By Dan Byrne for AMLi
A US GOVERNMENT-BACKED news service has criticised what it calls the ‘especially high levels of corruption,” in Odessa, Ukraine’s third-largest city.
Radio Free Europe – sometimes known as Radio Liberty – has suggested that the city, a prominent tourism centre and important Black Sea port, is a ‘tarnished gem’ due to the large amounts of perceived political corruption.
The organisation leaned especially heavily on corruption within the construction sector, evidenced by large, unfinished building projects – with one example resembling a “huge concrete hulk thrusting itself into view from below.”
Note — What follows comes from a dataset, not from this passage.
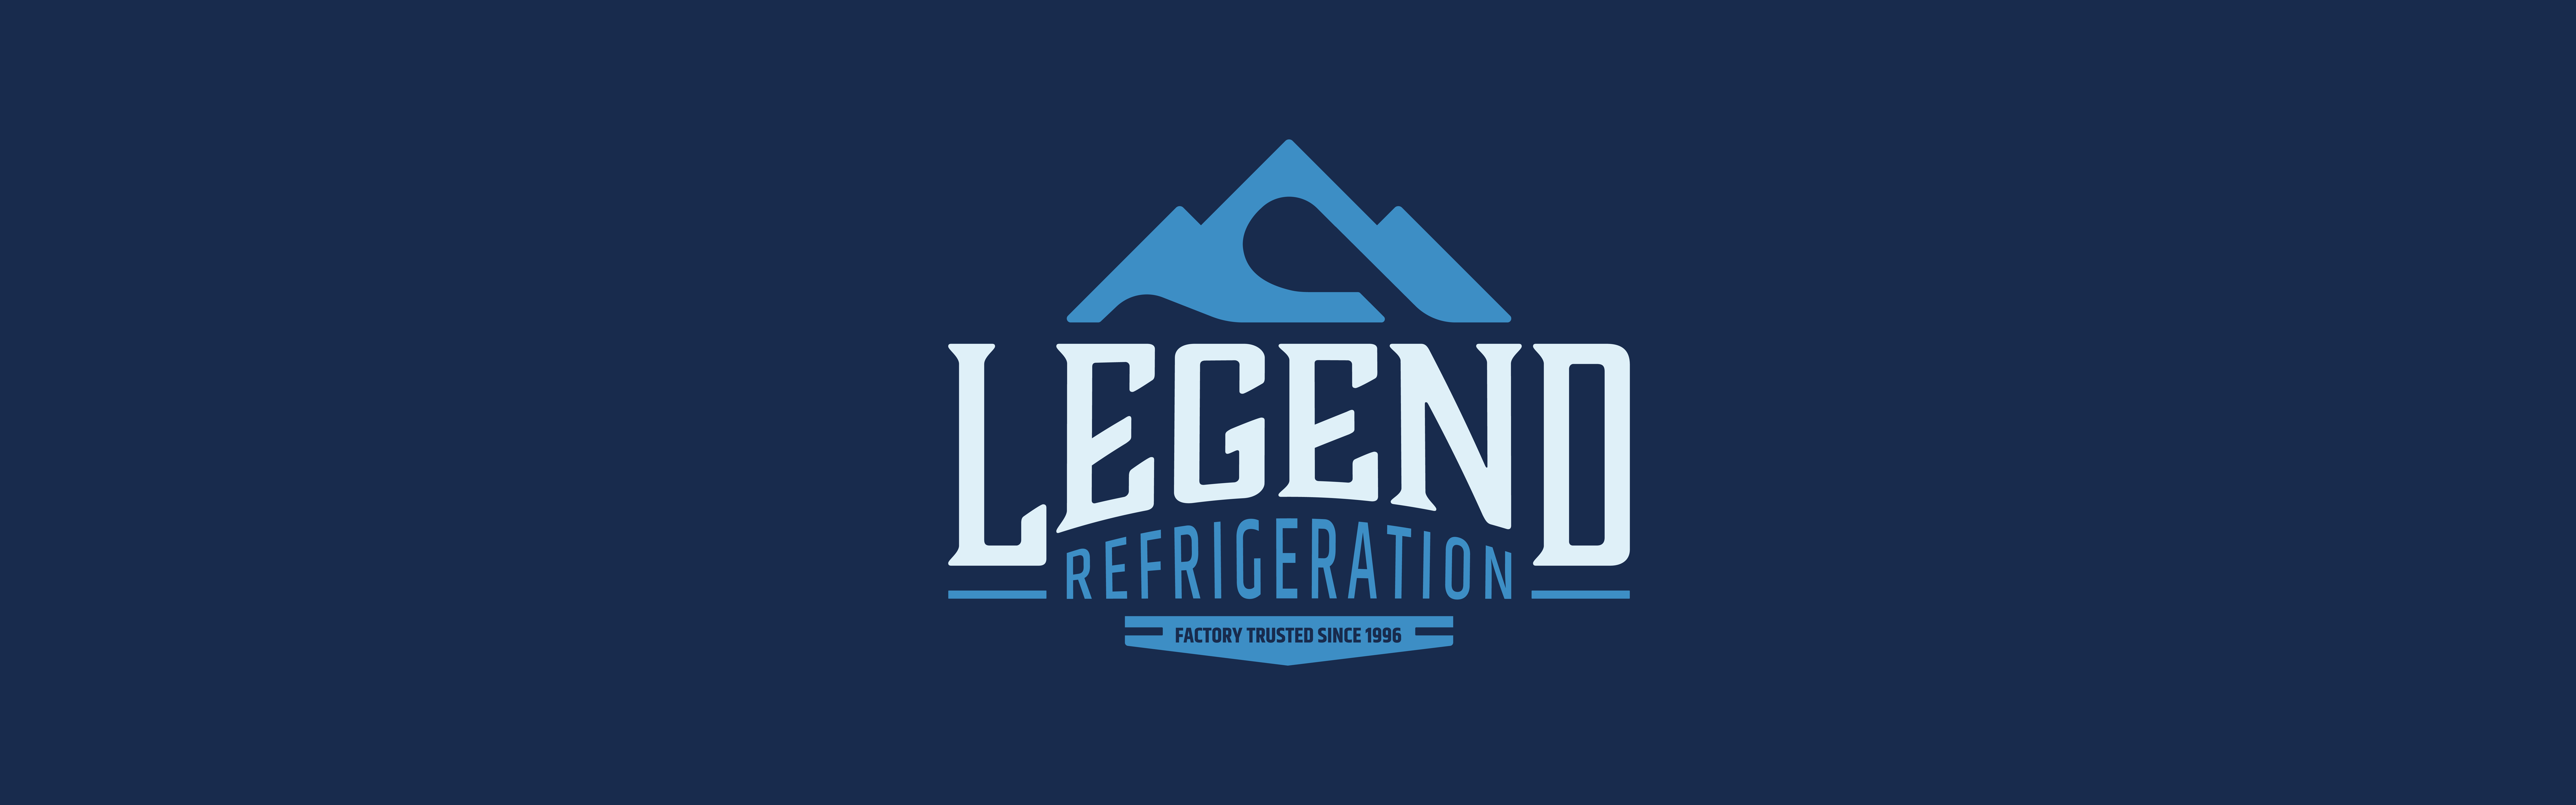 Logo of "Legend Refrigeration" featuring stylized mountain peaks above the word "Legend," followed by the words "Refrigeration" underneath in bold lettering, with the tagline.
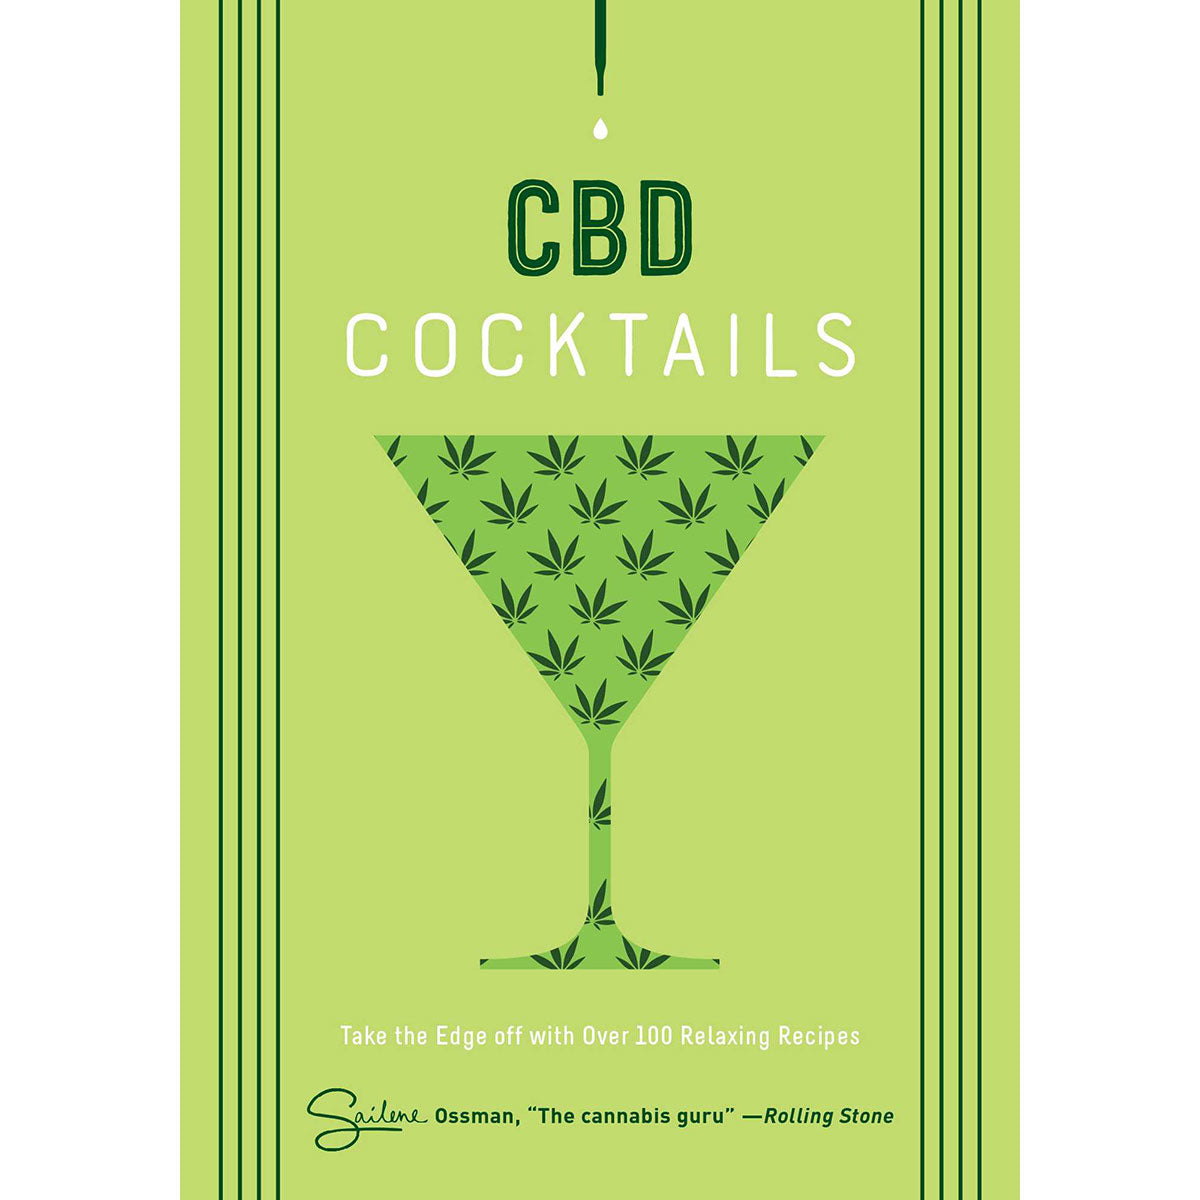 CBD Cocktails: Over 100 Recipes to Take the Edge Off

The unchecked housing development frequently violated local building codes “thanks to dubious documentation and complicit officials – and then result in major losses for investors if the projects to belly-up,” the outlet said.
Radio Free Europe a US-funded organisation with a focus on news developments in central and eastern Europe, as well as western Asia.
It has its roots in the Cold War era – originally crafted as a way to combat Soviet-style propaganda in USSR satellite states.
In more recent times, it has tended to split its focus on countering disinformation from Russian media outlets and maintaining a presence in countries with perceived democratic backsliding.
The outlet re-launched it’s Romanian, Bulgarian and Hungarian in the past two years in accordance with this policy.
Its recent take on Odessa’s troubles has linked the corruption problem with Russian influence in Ukraine as a whole.
It’s an issue which has repeatedly come to the forefront in the last decade through events like the Euromaidan protests, the Russian annexation of Crimea and the separatist actions in Eastern Ukraine which continue to this day.
According to Radio Free Europe, Odessa is a city where the wider issue of corruption in Ukraine is “particularly acute,” citing interviews with local officials and real-estate experts.
It stressed how current Ukranian President Volodymyr Zalanskiy had previously acknowledged the city as a “smuggling haven,” – alongside a local lawyer’s calculations that 76% of new apartment buildings in the city are risky investments, compared to 55% in Kiev, the capital.
Activists who spoke to the outlet have claimed that the city’s real-estate corruption stems from a collaboration between developers and crooked officials – with investors being the people generally pay the financial price.